Выражения их глаз, улыбки, боязливые улыбки, стремление оказаться подальше. «Да, господин Мюллер. Разумеется, господин Мюллер. Только не подходите ближе». Сынок, приходи сюда как-нибудь ночью, и я покажу тебе созвездия такими, как они видны с Лемноса. Я назвал их по-своему. Там есть «Нож»… одно из них. Он длинный, острый. Направленный прямо в позвоночник. И есть «Стрела». Есть «Череп» и «Жаба». Эти два соединяются. Одна и та же звезда светит во лбу «Жабы» и в левой глазнице «Черепа». И звезда эта — Солнце, друг мой. Солнце Земли. Мерзкая, крохотная звездочка, желтоватая, как понос. И на ее планетах множество созданий, которые разливаются по Вселенной, как моча.
— Могу я сказать кое-что такое, что могло бы тебя обидеть? — спросил Раулинс.
— Ты меня обидеть не в состоянии. Но попробуй.
— Я думаю, что у тебя деформированное мировоззрение. За все эти годы ты утратил перспективу.

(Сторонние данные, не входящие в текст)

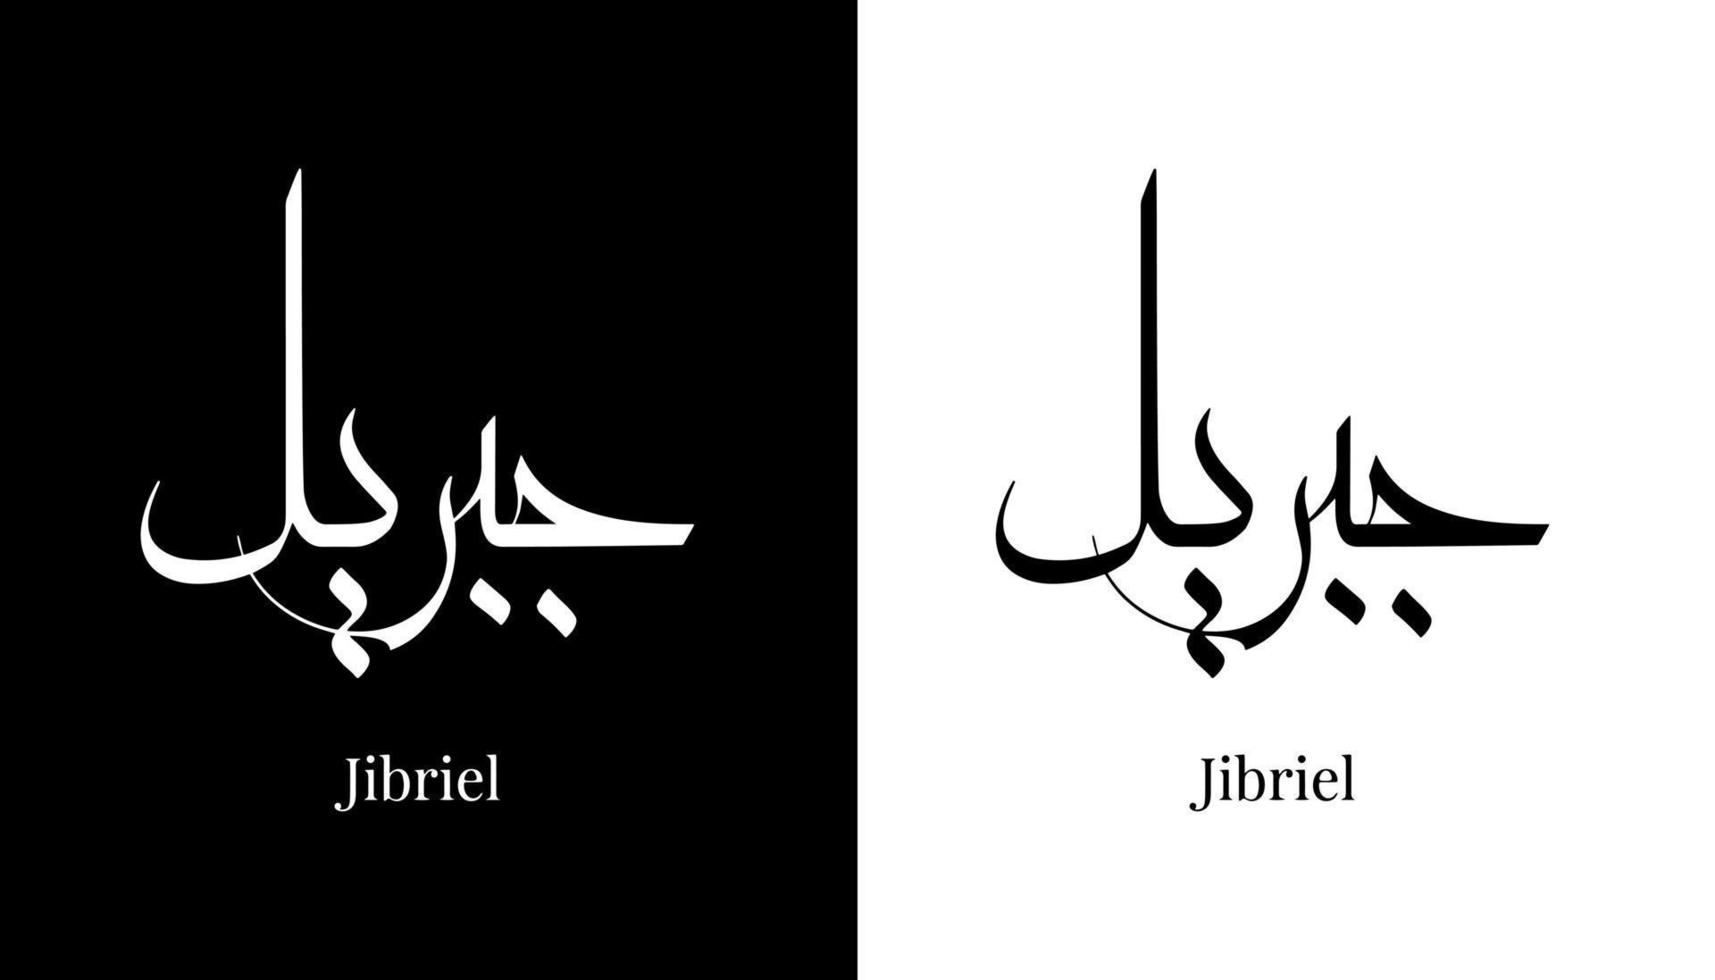 nome de caligrafia árabe traduzido 'jibriel' letras árabes alfabeto fonte letras ilustração em vetor logotipo islâmico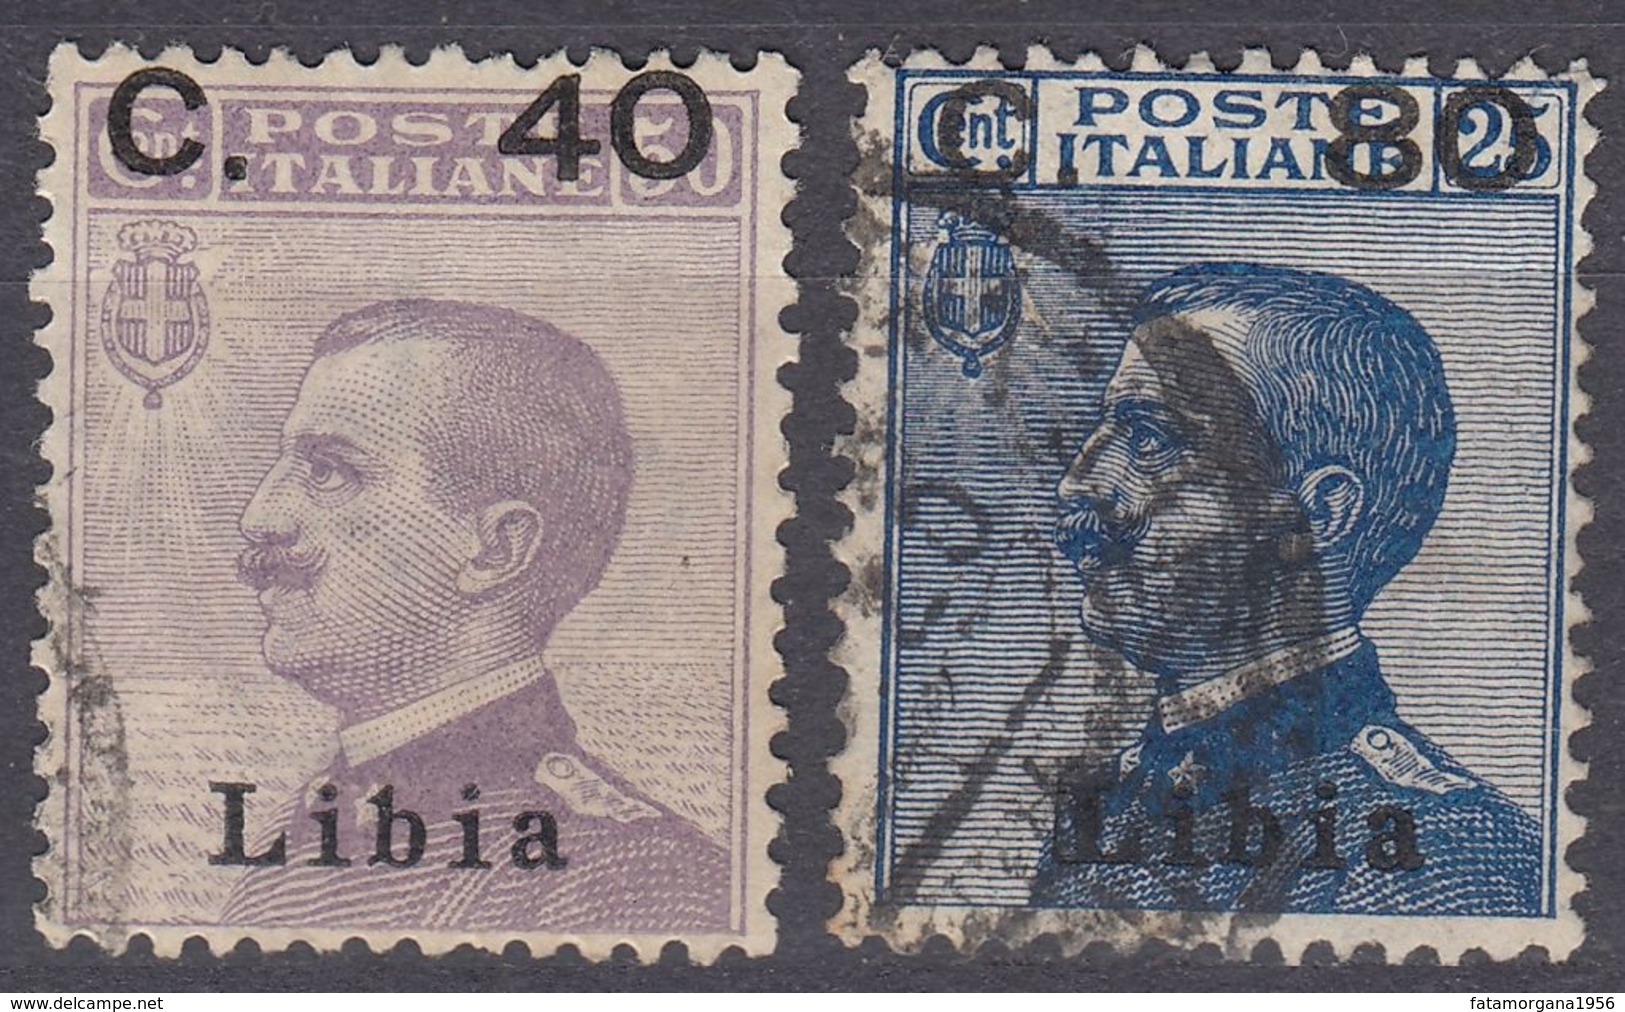 LIBIA (COLONIA ITALIANA) - 1922 - Serie Completa Di 2 Valori Usati: Yvert 38/39, Come Da Immagine. - Libyen

— Нет. Именно здесь я научился смотреть надлежащим образом.
— Ты ставишь человечеству упрек в том, что оно состоит из людей. И значит, нелегко иметь дело с кем-то вроде тебя. Если бы мы поменялись местами, ты бы понял. Пребывание рядом с тобой вызывает боль! Даже в эту минуту я ощущаю ее каждым нервом. Будь я немного поближе к тебе — я бы разрыдался. Ты не можешь потребовать, чтобы люди моментально приспособились к тебе. Даже твоим любимым понадобилось бы…
— У меня не было никаких любимых.
— Ведь ты же был женат.
— Это все кончилось.
— Ну, любовницы.
— Ни одна из них не могла меня вынести, когда я вернулся.
— Друзья.
— Разбежались, — сказал Мюллер. — Только пятки засверкали.
— Ты не давал им времени.
— Я им дал достаточно времени.
— Нет, — убежденно возразил Раулинс. Он не мог больше вынести и вскочил со скамьи. — А теперь я скажу тебе кое-что такое, что тебе и вправду покажется неприятным, Дик. Мне очень жаль, но я должен.
— Все, что ты скажешь, это бредни на манер тех, каких я наслушался в университете. Наивность студента со второго курса. Этот мир достоин сожаленья, повторяешь ты. Мерзкий, мерзкий. Ты видел, каково человечество в действительности, и не желаешь иметь с ним дела. Каждый так говорит, когда ему восемнадцать лет. Но это проходит. Мы психически организуемся и видим, что Вселенная — достаточно приятное место, и что все люди стараются, как могут… Да, мы не совершенны, но мы и не чудовища. Когда тебе восемнадцать лет, у тебя нет права на такие высказывания. Я же получил это право давным-давно. Я пришел к ненависти трудной и долгой дорогой.